# CFL vs T12



## Afghan#1 (May 29, 2008)

I just bought 4 4' T12 fluoros, 6500k for veg.  Theyre 40 watts each and I believe it puts out 2325 lumens per/bulb if Im reading correctly, resulting in a total of 1300 lumens at 120 watts.
I noticed at home depot that there is a 65 watt FLuroex which puts out about 6000 lumens.  Ive been doing lots of reading about CFLs and it seems as though many ppl are content with results from CFLs for veg, and even flower.  
I guess my question is if CFLs are more energy efficient and have a higher lumen output than fluoros, why do some still go with fluoros?  There must be some advantage to fluros. Input from anyone would be great.


----------



## White Widow (Jun 3, 2008)

What the difference is is spectrum. In other words, how much or better yet, what kind of light is coming from the bulbs. Vegging your looking for allot of yellow, orange,and red. In flowering your looking for blue and purple.

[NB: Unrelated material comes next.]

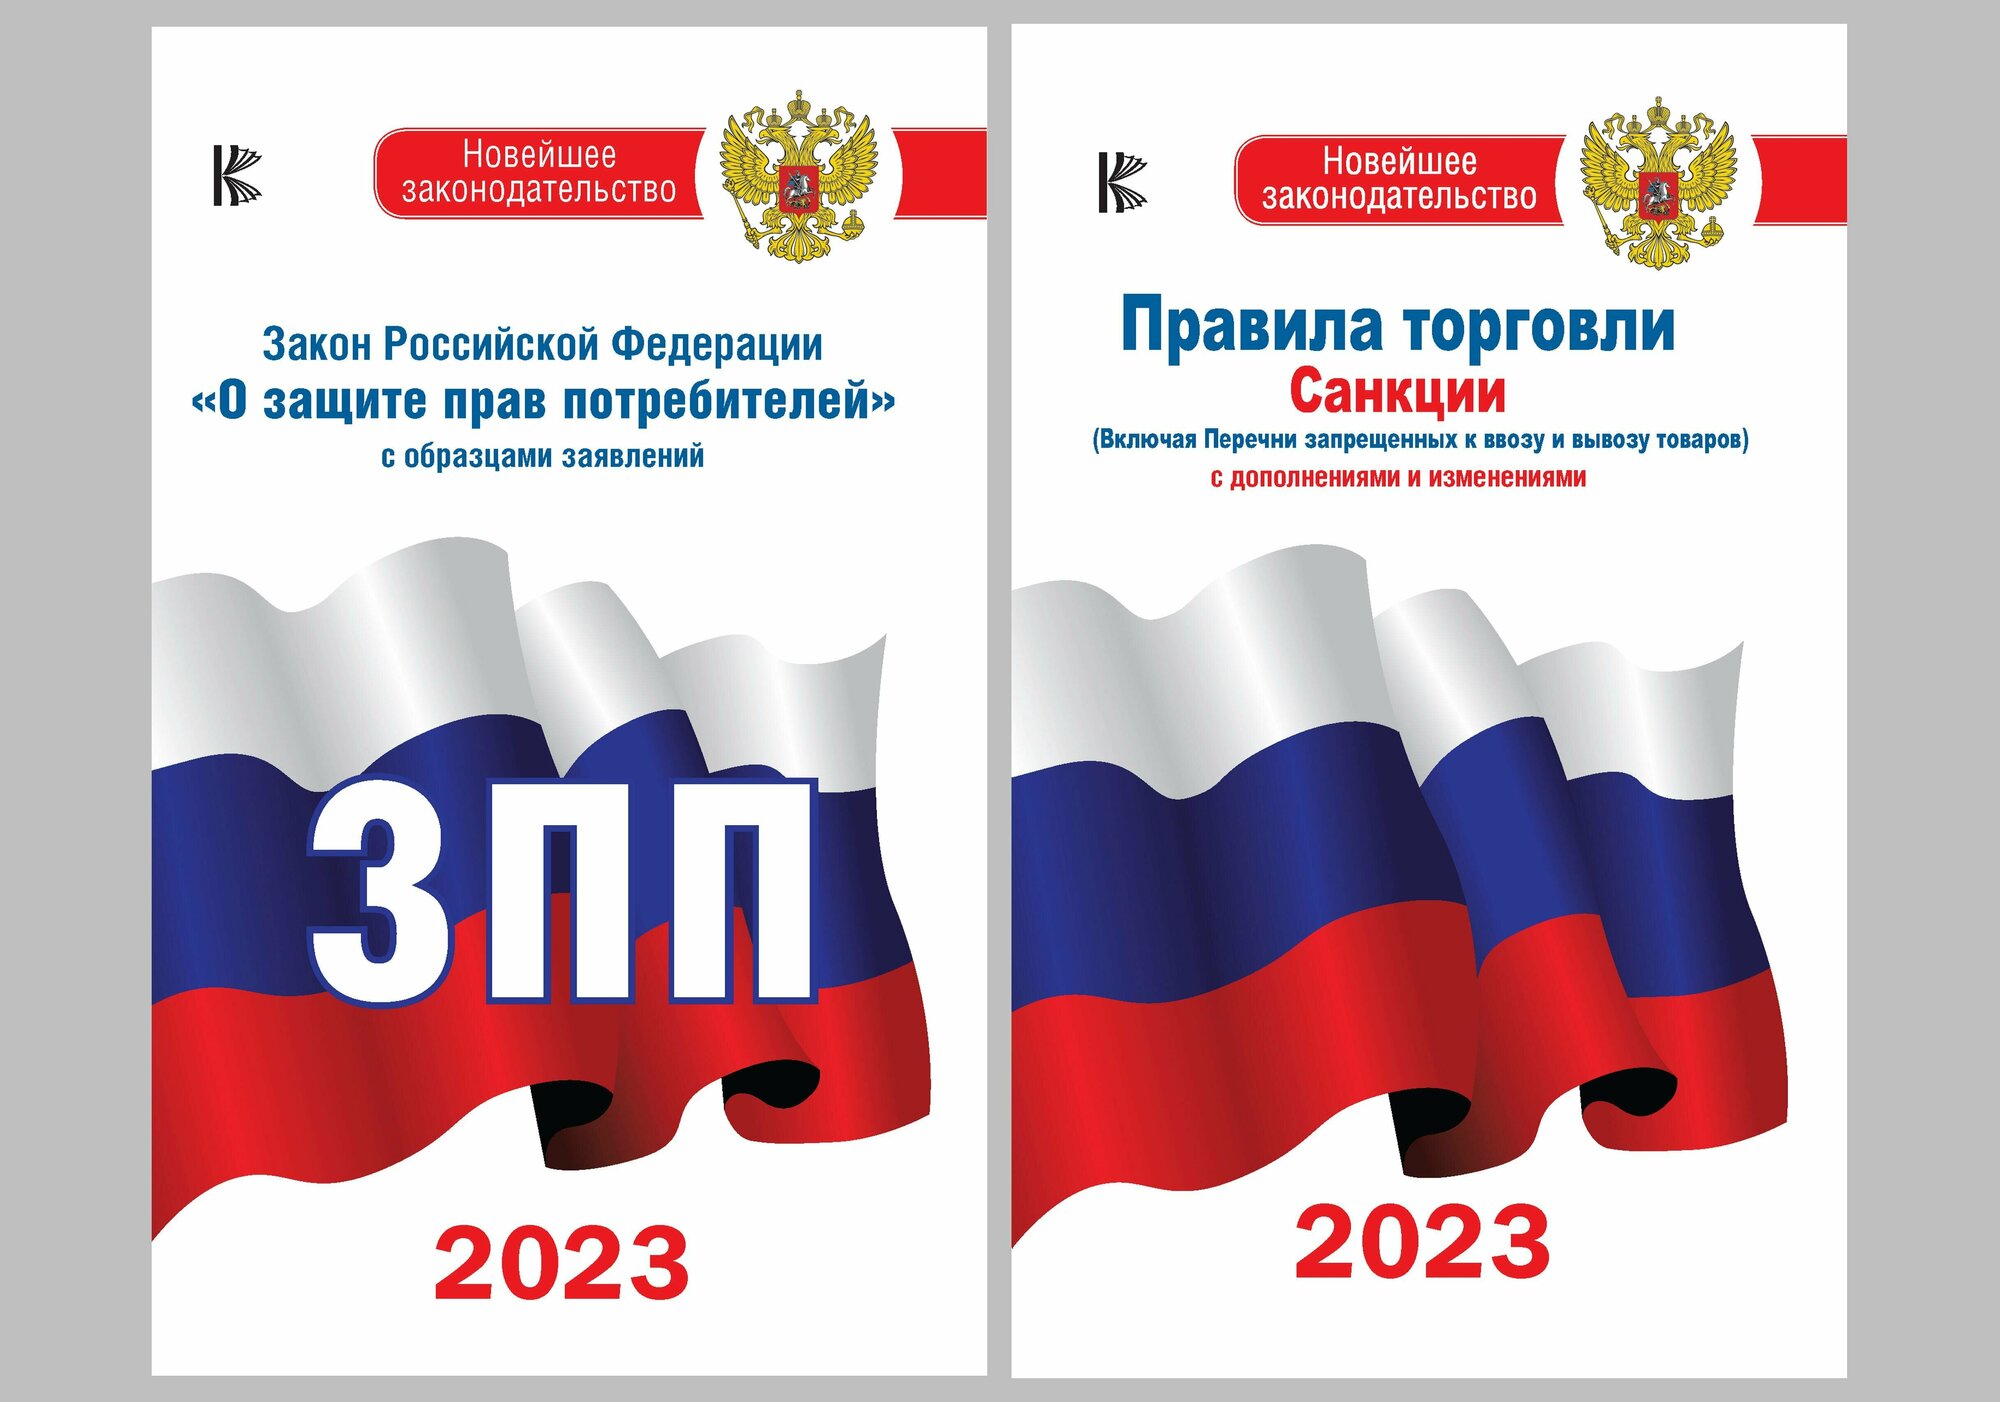 Комплект из 2-х книг: Закон РФ " О защите прав потребителей" на 2023 год, Правила торговли с изменениями и дополнениями на 2023 год .

I have a 125W CFL which is specific for seedling/clone/vegging stages.

When it comes to Flowering, well that's a whole other ball game. For now to tell you honestly I'm a bit un decided as to if I should use other cfl's or  if I should go with halides. Still researching it but the best thing to do would be to go to a hydropnic store. Smoke a joint with the sales guy and have him answer all your questions. Take time and take notes and you won't be sorry. 

Hope this helps, have fun and enjoy!


----------



## octobong007 (Jun 3, 2008)

i've used cfl's and t-5's on 2 different boxes at the same time...no comparison, the cfl's beat the t-5's hands down...both in 6500k of course.  i was using 200 watts worth of those twisty 26 watters, to match my 200 watts of t-5's.  the cfl's need gooooood ventilation, but are so worth it.  tight tight tight ladies all bunched up and excited.  hope that helps ya


----------



## Hick (Jun 4, 2008)

White Widow said:
			
		

> What the difference is is spectrum. In other words, how much or better yet, what kind of light is coming from the bulbs. Vegging your looking for allot of yellow, orange,and red. In flowering your looking for blue and purple.
> 
> Hope this helps, have fun and enjoy!



Hmmmmm.. It seems that I recall, in every article/book that "I" have read. Blues are desirable in veg, and reds/oranges in flower. "Cool" (blue) in the 6500K range for veg', and "warm" (reds) in the 3000K range.
  Similar to the way MH produces more blue, 4000K for veg and a HPS is in the 2200K range, more reds.


----------



## thief (Jun 4, 2008)

thanks hick thought that was a lil backwords


----------



## GreenMan74 (Jun 4, 2008)

Well CFL's and T12's are the same technology, the T12's being the old-school variant.  So there's not IMO a significant difference in electrical efficiency.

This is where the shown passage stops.